If we find something that uses data that Tor currently captures (for example, with the ewma machinery), it will be much easier to deploy.

For whatever we pick, we need to analyze its security implications and look for ways to game it to provoke relays to do something stupid.

It would be good to have a default OOM threshold computed in some sane (though probably nonportable) way based on available RAM, with a reasonable cap. That might be ridiculously hard though.

It would also be good to see about taking more potentially-big things into account, not just circuit queues.

Child Tickets

Change History (8)

comment:1 Changed 4 years ago by nickm

Keywords: 023-backport added; 024-backport removed
Milestone: Tor: 0.2.5.x-finalTor: 0.2.4.x-final
Status: newneeds_review
Summary: We should have better, fairer OOM handlingBetter, fairer circuit OOM handling

In a forthcoming paper, Jansen, Tschorsch, Johnson, and Scheuermann describe an improved algorithm: kill circuits starting with those whose oldest cell (the one at the front of the queue) was inserted first. At first glance, this seems solid: "cell have been waiting a long time to drain" does seem like a good way to detect stuck or stalled or slow circuits which aren't likely to drain on their own.

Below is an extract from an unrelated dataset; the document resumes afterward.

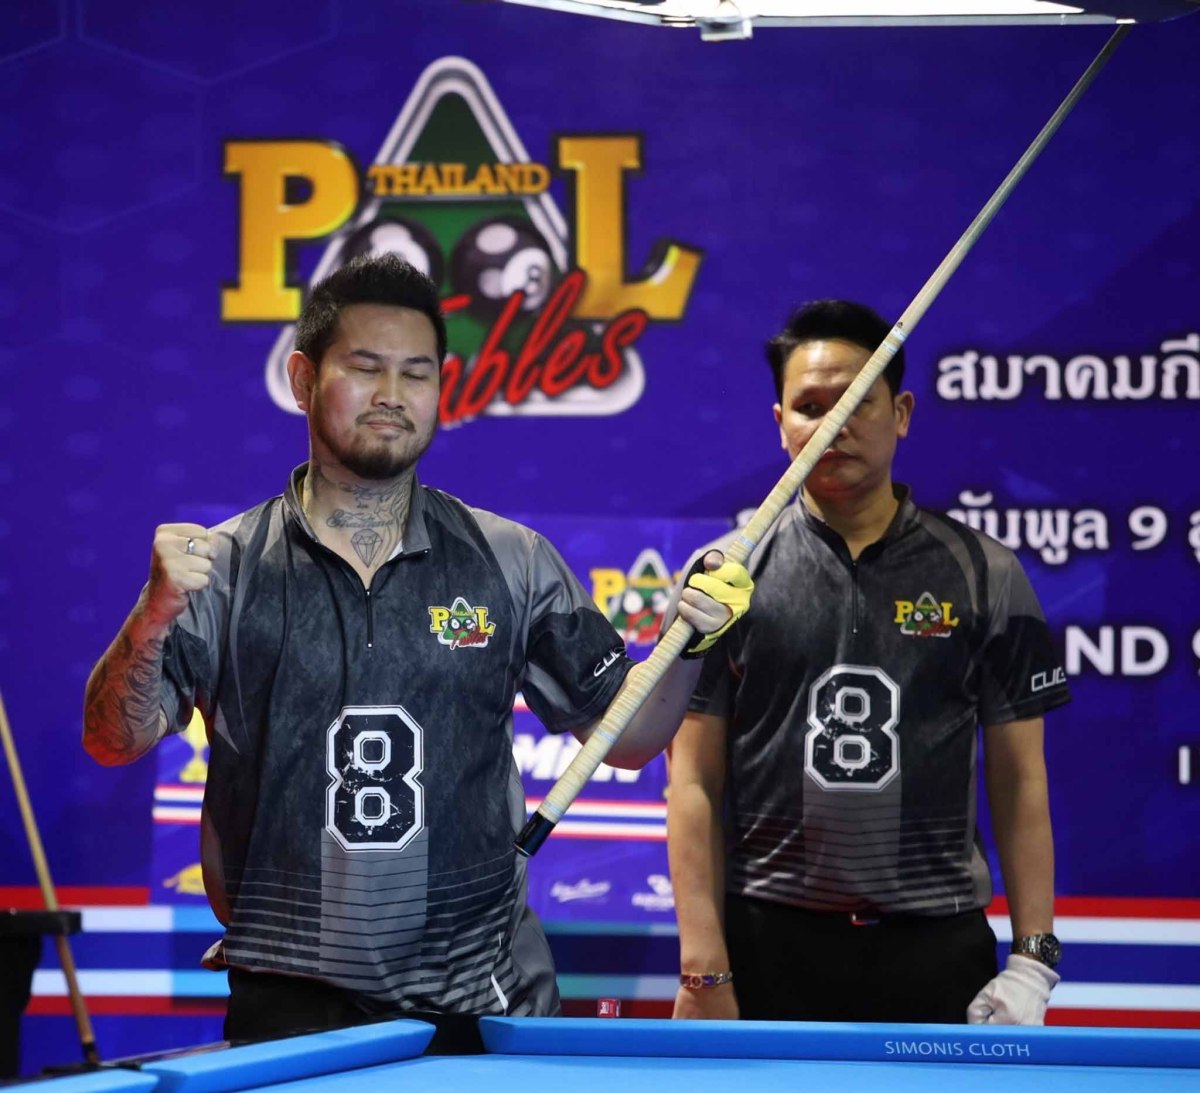 Tanes wins the Thailand 9 Ball National Championship

See branch "bug9093_023" in my public repository.

comment:2 Changed 4 years ago by nickm

Keywords: oom added

comment:3 Changed 4 years ago by arma

Patch looks fine. The only part that popped out as weird is where circuit_max_queued_cell_age() looks at both the age in the n_conn and also the age in the p_conn.

We've been mostly phrasing the attack as an attack on guards, so in that case only p_conn matters. But I guess we could imagine this attack where you extend your circuit to a colluding relay (maybe even not one in the consensus), and then do the attack in reverse. Sounds good.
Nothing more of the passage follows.